Isla dengan segera membuang pandangannya kembali ke luar jendela, "Aku tak mengatakan apa-apa pada Rhys, sesuai yang kau perintahkan waktu itu," ujarnya.
"Ya, aku tahu. Aku bisa tahu soal itu bahkan meskipun kau tidak mengatakannya padaku sama sekali," ujar Tao.
"Kurasa Rhys tak mengatakan soal apa-apa tentang semalam yang dia berusaha menelusuri pikiran dan hatinya," batin Tao. "Rhys pasti sudah mencurigainya."
"Terima kasih." Tiba-tiba Isla berujar.
Tao melirik gadis di sebelahnya, "Untuk?"
"Kau sudah menolongku dan Rhys," ujar Isla tanpa mengalihkan pandangannya dari pemandangan yang ada di luar. "Kau, juga melepaskanku sewaktu berhasil menangkapku. Kau bahkan juga tak memberitahu Kai dan yang lainnya, padahal itu adalah kesempatan yang bagus."

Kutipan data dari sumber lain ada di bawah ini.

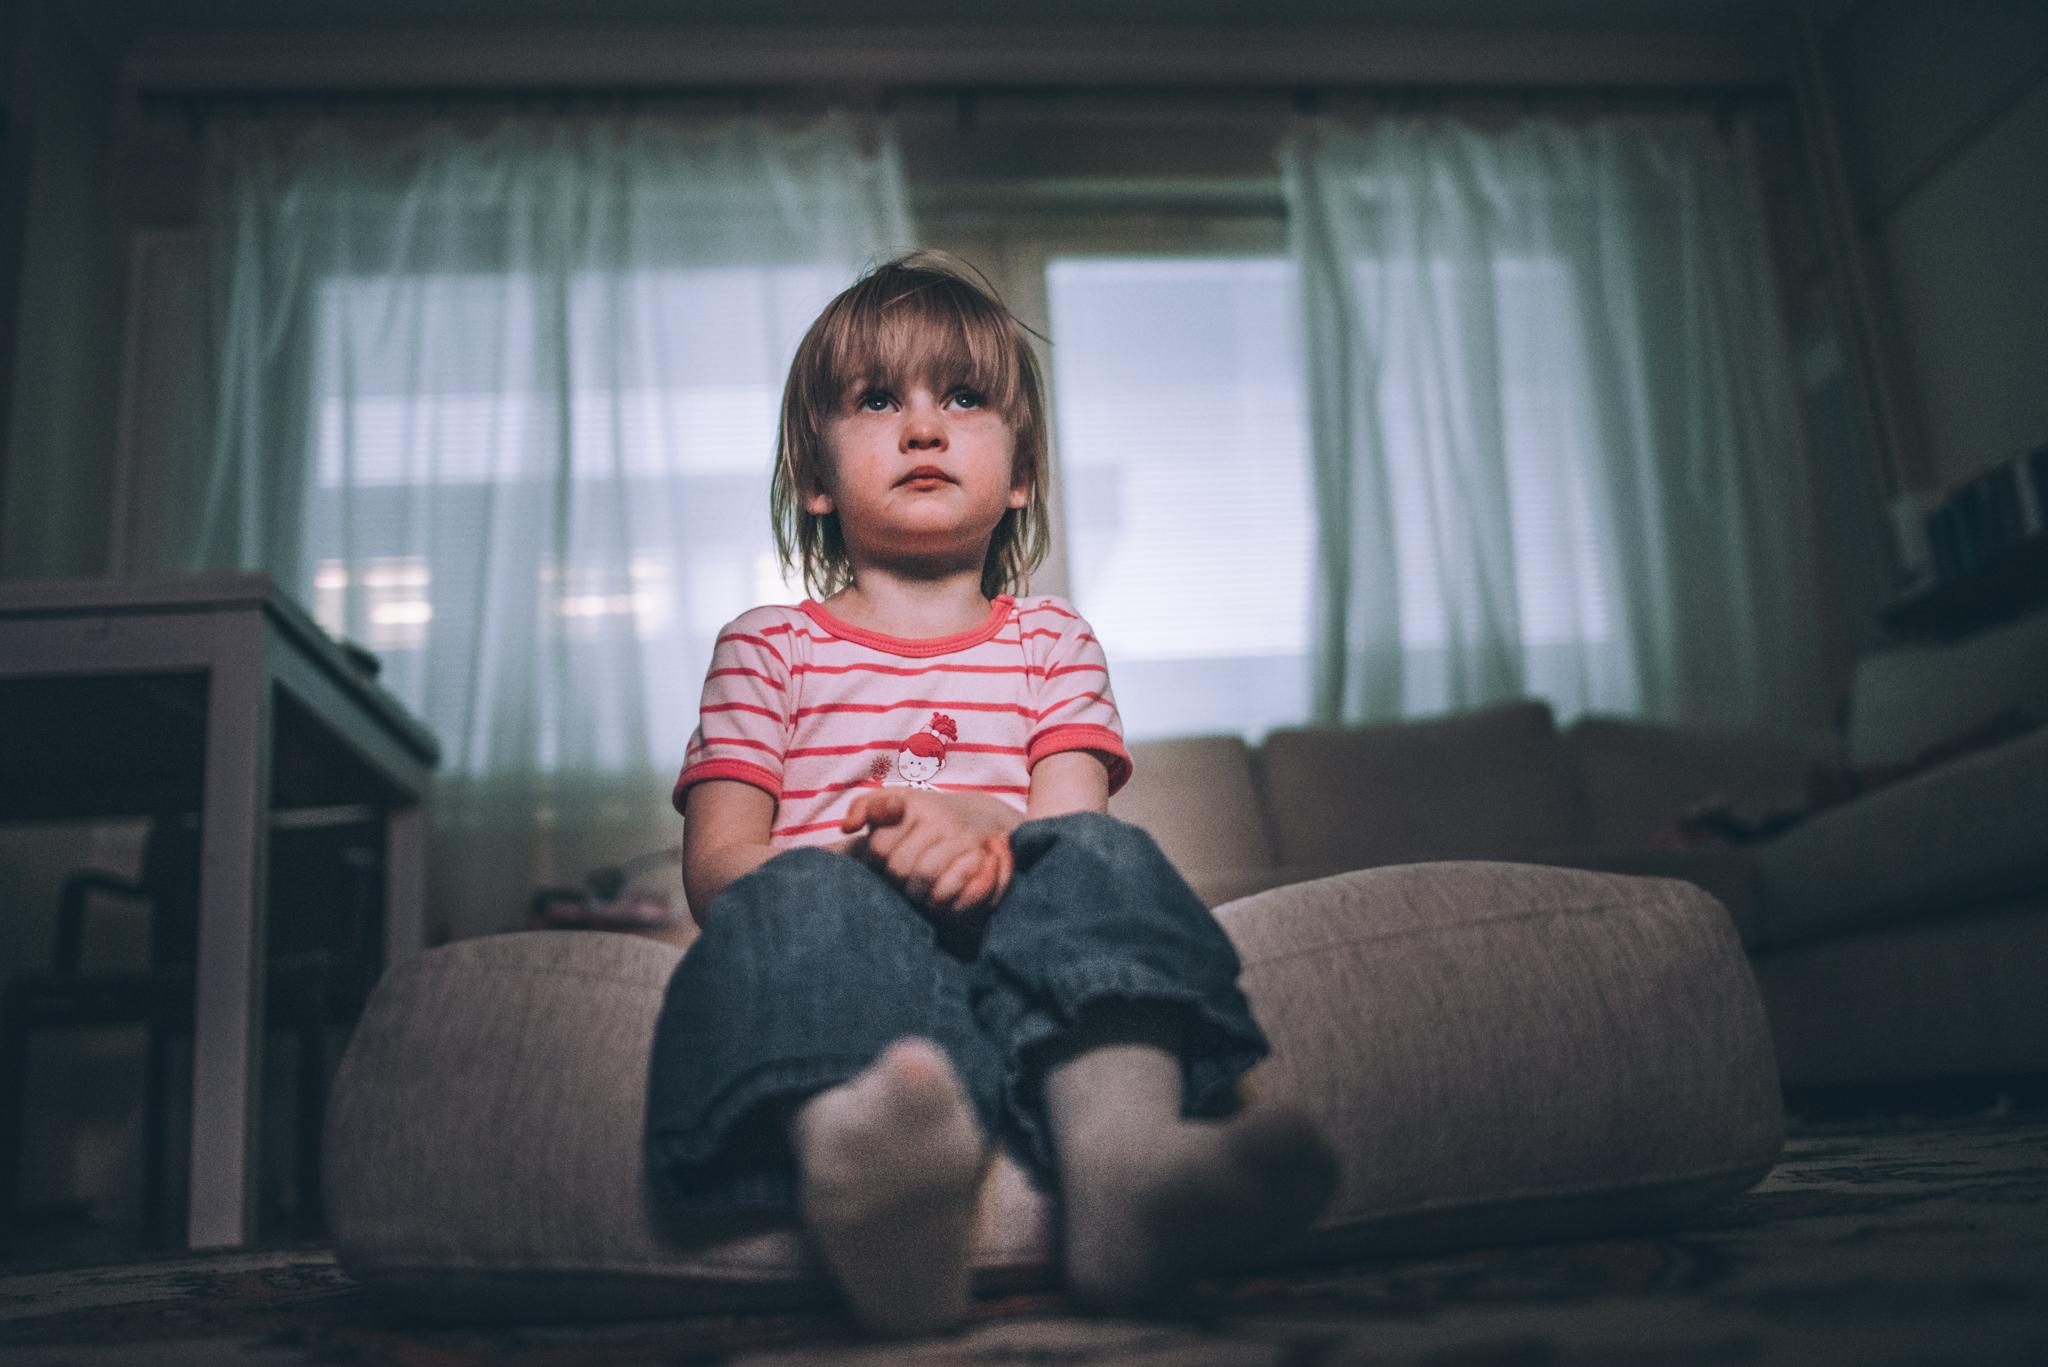 Child sitting and watching tv

"Membunuhmu itu hal yang mudah. Tanpa bantuan dari Kai dan juga yang lainnya, aku bisa membunuhmu kapan saja dan di mana saja, bahkan tanpa harus menyentuhmu."
Kedua alis milik Isla lalu bertaut. Gadis itu lalu menoleh ke sebelahnya dan Tao sudah tak ada di sana. Pria itu sudah berteleportasi ke tempat lain.
Isla seketika dibuat bingung. Kenapa Tao bisa dengan mudah muncul di hadapannya tapi hal itu justru tidak berlaku untuk Kai yang notabene-nya adalah pengguna teleportasi? Pria itu dan juga teman-temannya yang lain sudah beberapa hari terakhir tak menampakkan batang hidungnya di hadapannya maupun di hadapan Rhys, sementara Tao bisa dengan mudah menemuinya.
Bersamaan dengan itu, bus yang Isla tumpangi pun sampai di sekolah. Gadis itu segera turun dan ia mencoba tak memikirkan kalimat Tao yang dikatakan padanya beberapa saat lalu.
Isla mempercepat langkahnya dan tak sabar menemui teman-temannya, terutama Teresa, walaupun ia yakin kalau Teresa akan bereaksi heboh saat melihat bekas-bekas luka yang menggores permukaan wajahnya walau pun sudah mengering.